SQL Database Design For Developers at php[tek] 2024
SQL Database Design For Developers at php[tek] 2024SQL Database Design For Developers at php[tek] 2024
SQL Database Design For Developers at php[tek] 2024
 
FULL ENJOY 🔝 8264348440 🔝 Call Girls in Diplomatic Enclave | Delhi
FULL ENJOY 🔝 8264348440 🔝 Call Girls in Diplomatic Enclave | DelhiFULL ENJOY 🔝 8264348440 🔝 Call Girls in Diplomatic Enclave | Delhi
FULL ENJOY 🔝 8264348440 🔝 Call Girls in Diplomatic Enclave | Delhi
 

Twitter6

  • 1. Twitter: The Tweet, the Whole Tweet, and Nothing but the Tweet #2 charsyam@naver.com
  • 4. Discover New Knowledge from Existing Information
  • 5. What do #TeaParty and #JustinBieber have in common
  • 6. Tools: Pymongo, MongoDB apt-get install python-dev pip install pymongo
  • 7. Get Tweets from pymongo.connection import Connection import sys import tweepy connection = Connection("localhost") db = connection.foo import tweepy api = tweepy.API() tweets = api.search('#JustinBieber', rpp=100) for tweet in tweets: db.foo.save(tweet.__getstate__())

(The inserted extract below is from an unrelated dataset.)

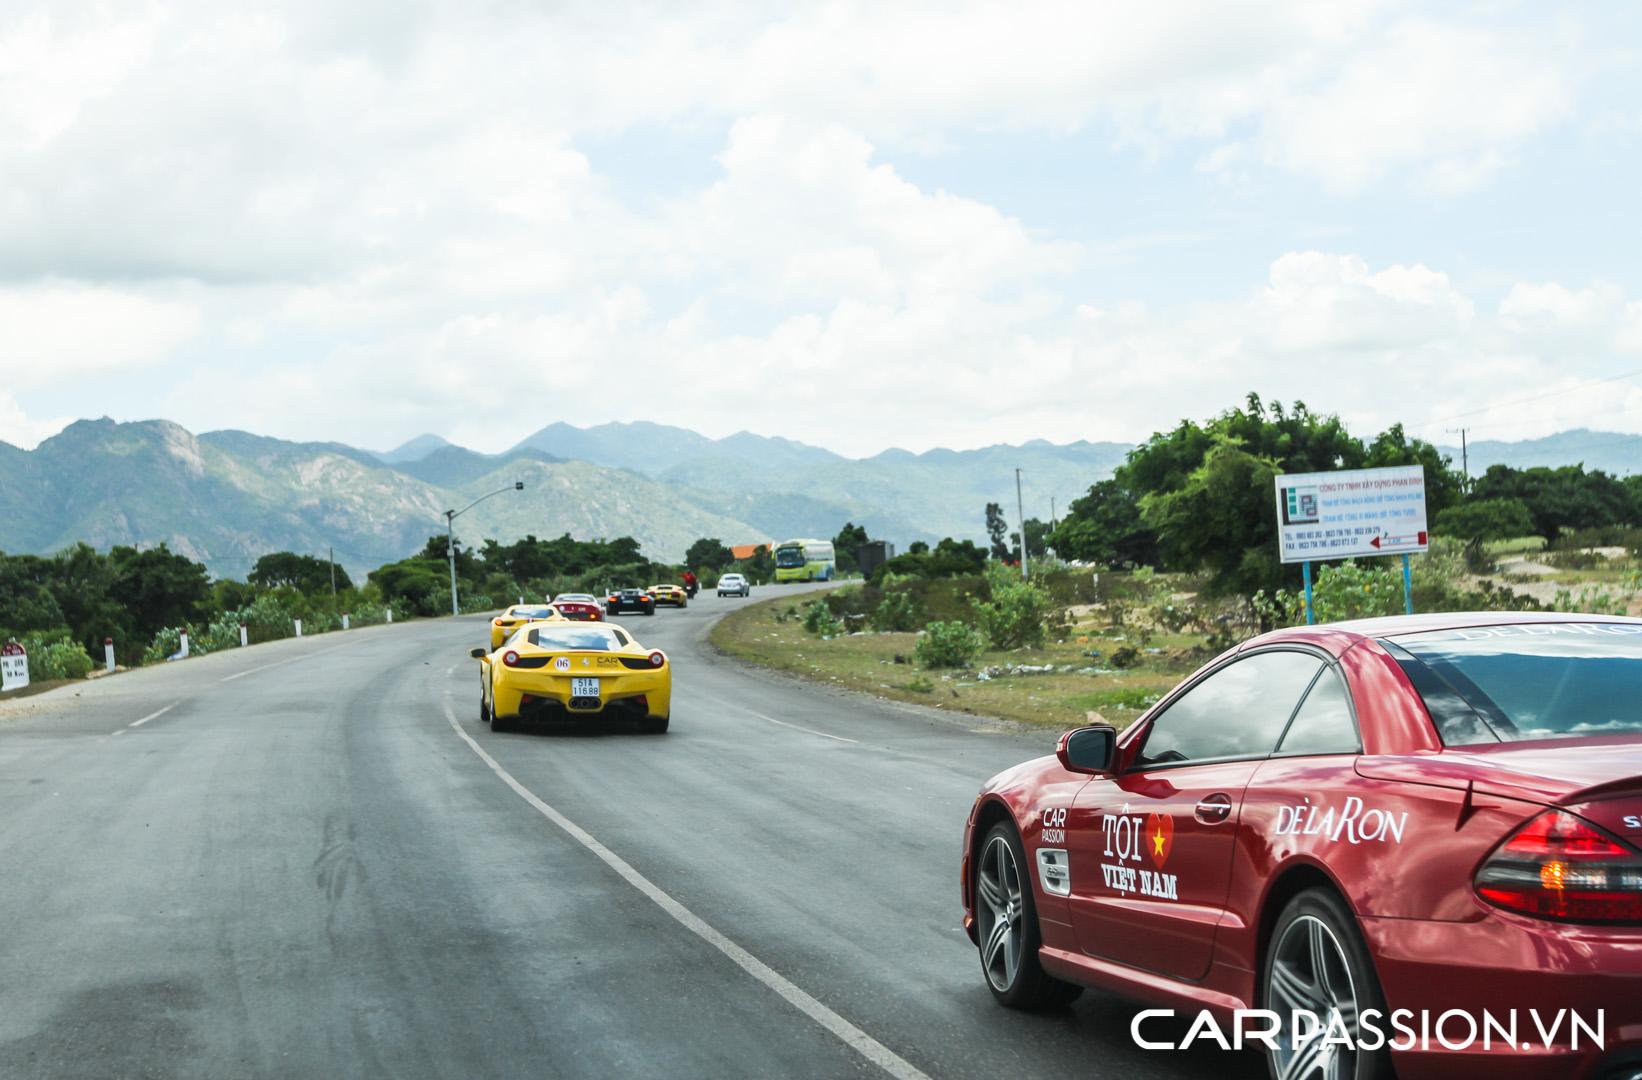 CP-Hành trình siêu xe CarPassion 2011 Day 2 (65).jpg

  • 8. Insert TO MongoDB from pymongo.connection import Connection import sys import tweepy connection = Connection("localhost") db = connection.foo import tweepy api = tweepy.API() for num in range(1,16): tweets = api.search('#JustinBieber', rpp=100, page=num) for tweet in tweets: db.foo.save(tweet.__getstate__())
  • 9. Count Frequency in mongo MAP map = function(){ words = this.text.split(' '); for ( i in words ){ emit({ key: words[i] }, {count: 1}); } };
  • 10. Count Frequency in mongo REDUCE reduce = function (key, values) { var count = 0; values.forEach(function (v) {count += v.count;}); return {count:count}; }
  • 11. Count Frequency in mongo EXECUTE res = db.foo.mapReduce( map, reduce, {out: "mystring"});
  • 12. Count Frequency in mongo RESULT { "_id" : { "key" : "#1000ADay" }, "value" : { "count" : 1 } } { "_id" : { "key" : "#1000aday" }, "value" : { "count" : 1 } } { "_id" : { "key" : "#500ADay" }, "value" : { "count" : 1 } } { "_id" : { "key" : "#500aday" }, "value" : { "count" : 1 } } { "_id" : { "key" : "#AutoFollow" }, "value" : { "count" : 1 } } { "_id" : { "key" : "#Bieber" }, "value" : { "count" : 1 } }
  • 13. Get From MongoDB from pymongo.connection import Connection import sys import tweepy connection = Connection("localhost") db = connection.foo cursor = db.mystring.find() for d in cursor: print d
  • 14. What Entities Co-Occur Most Often with #JustinBieber and #TeaParty Tweets?
  • 15. intersection import sys from sets import Set if __name__=='__main__': r1 = open( sys.argv[1] ) r2 = open( sys.argv[2] ) s1 = Set() s2 = Set() for line in r1.readlines(): key = line.split() if( len(key) > 0 ): s1.add(key[0]) for line in r2.readlines(): key = line.split() if( len(key) > 0 ): s2.add(key[0]) s3 = s1.intersection(s2) print len(s1) print len(s2) print len(s3)
  • 16. On Average, Do #JustinBieber or #TeaParty Tweets Have More Hashtags?
  • 17. Which Get Retweeted More Often: #JustinBieber or #TeaParty?
  • 18. How Much Overlap Exists Between the Entities of #TeaParty and #JustinBieber Tweet?